• [Data shown]:
==========

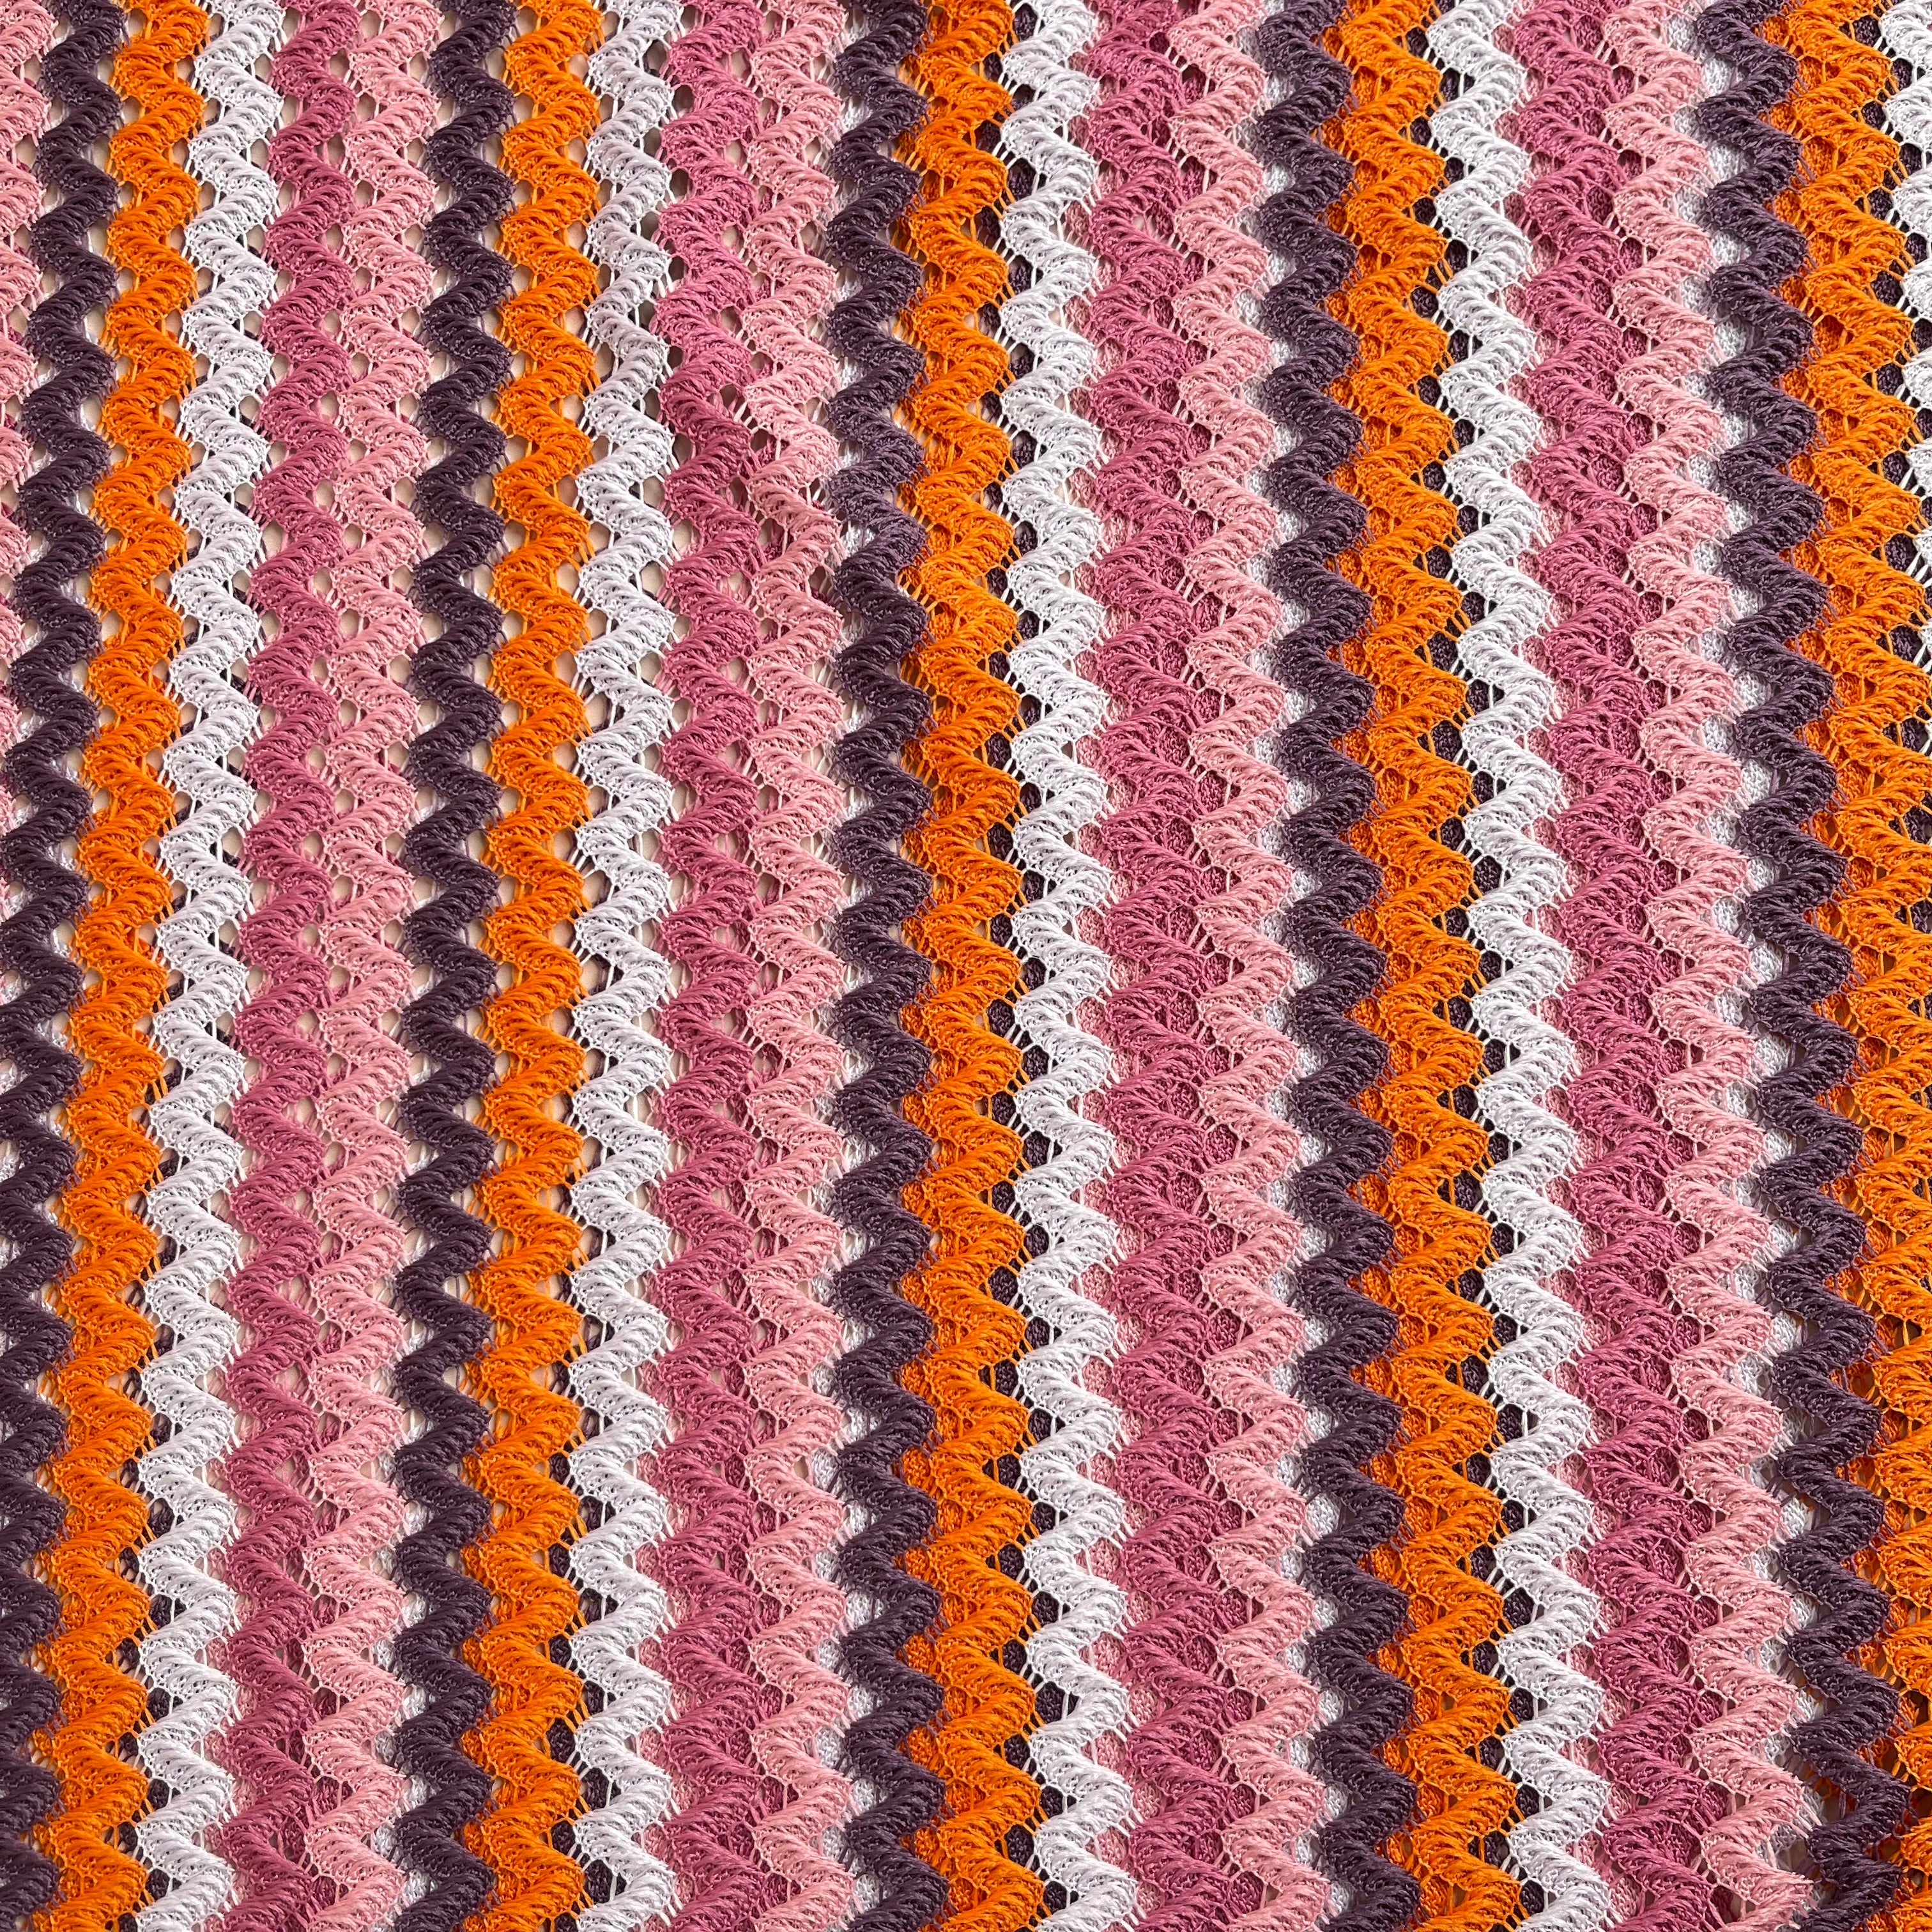 Sunset Lace Knit Fabric
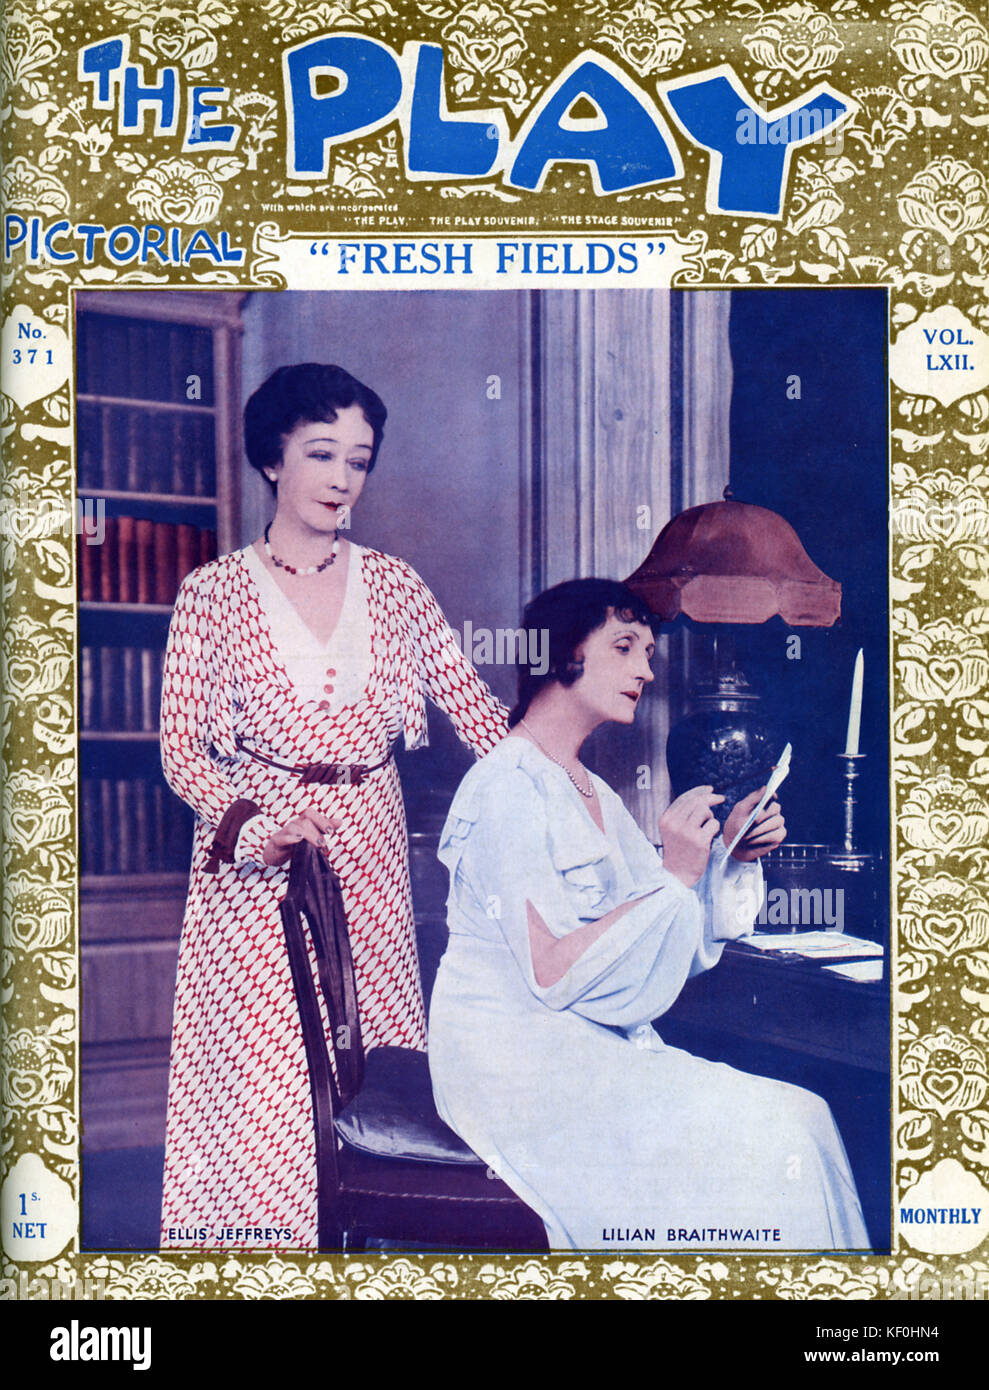 Les champs 'Fresh' par Ivor Novello, avec Ellis Jeffreys (17 mai 1872 - 21 janvier 1943) et Lilian Braithwaite (9 mars 1873 - 17 septembre 1948). Une production londonienne au Criterion Theatre, le 5 janvier 1933. Couvrir de jouer l'Illustré, 1933. Banque D'Images
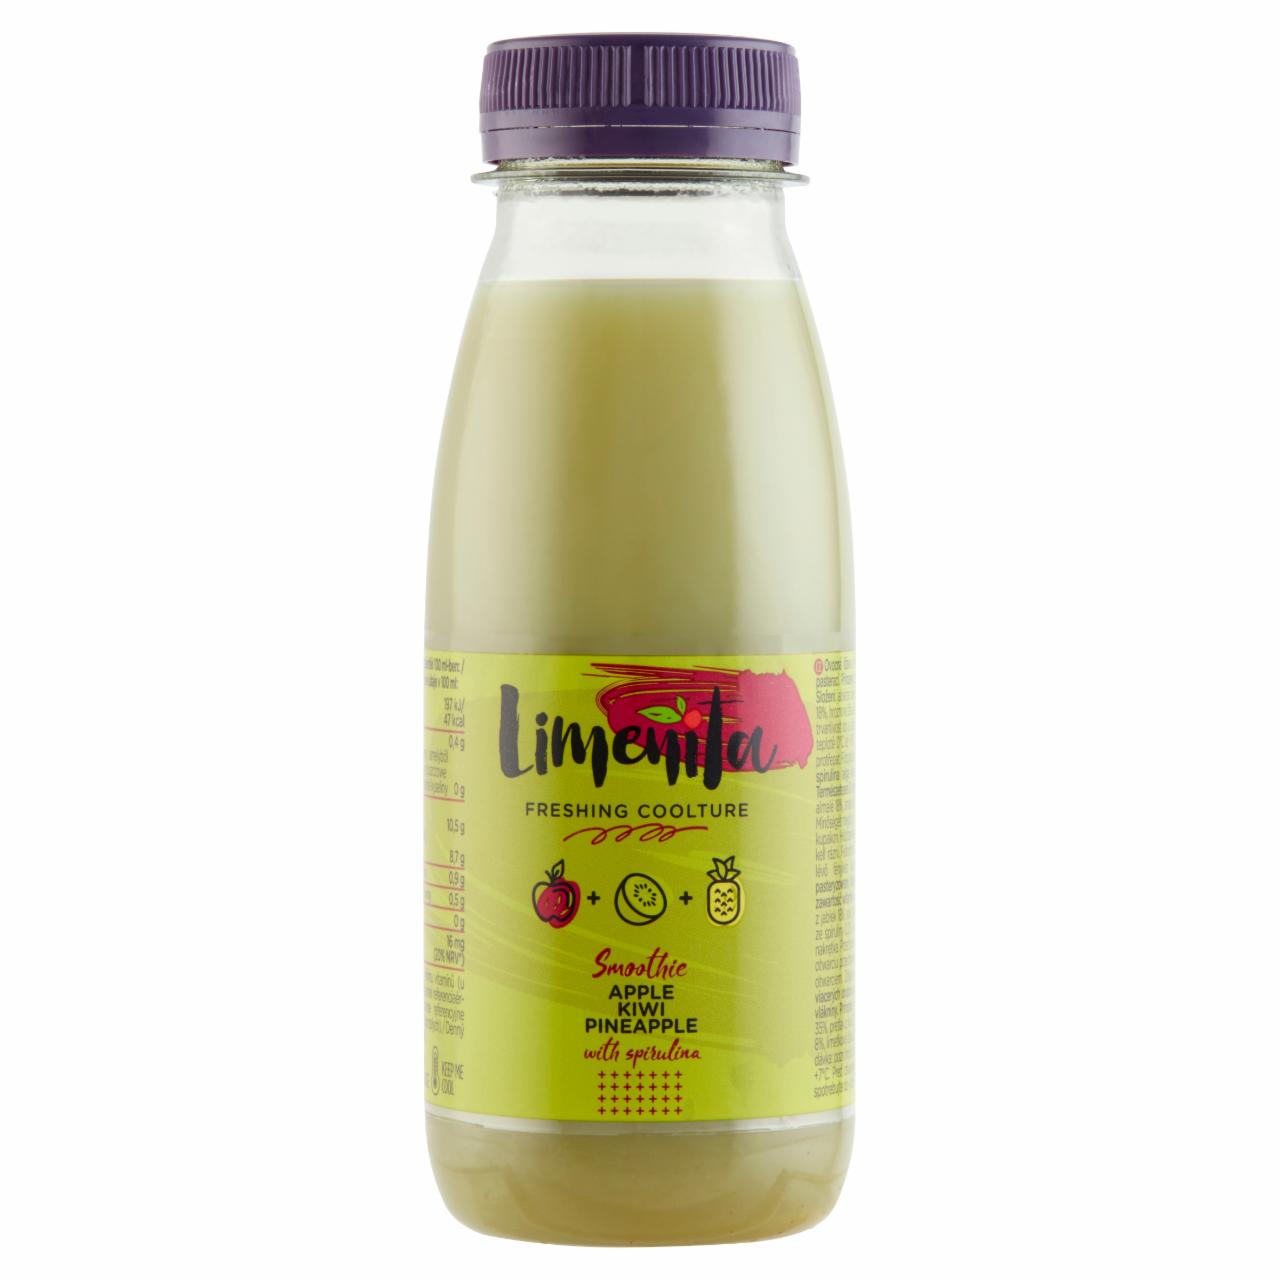 Képek - Limeñita Apple-Kiwi-Pineapple gyümölcslé többféle gyümölcsből, spirulina alga kivonattal 250 ml

==========

• [Work required]: Repeat the material verbatim but without any of its pictures.

• [Answer space]:
 Sunset Lace Knit Fabric
 Les champs 'Fresh' par Ivor Novello, avec Ellis Jeffreys (17 mai 1872 - 21 janvier 1943) et Lilian Braithwaite (9 mars 1873 - 17 septembre 1948). Une production londonienne au Criterion Theatre, le 5 janvier 1933. Couvrir de jouer l'Illustré, 1933. Banque D'Images
 Képek - Limeñita Apple-Kiwi-Pineapple gyümölcslé többféle gyümölcsből, spirulina alga kivonattal 250 ml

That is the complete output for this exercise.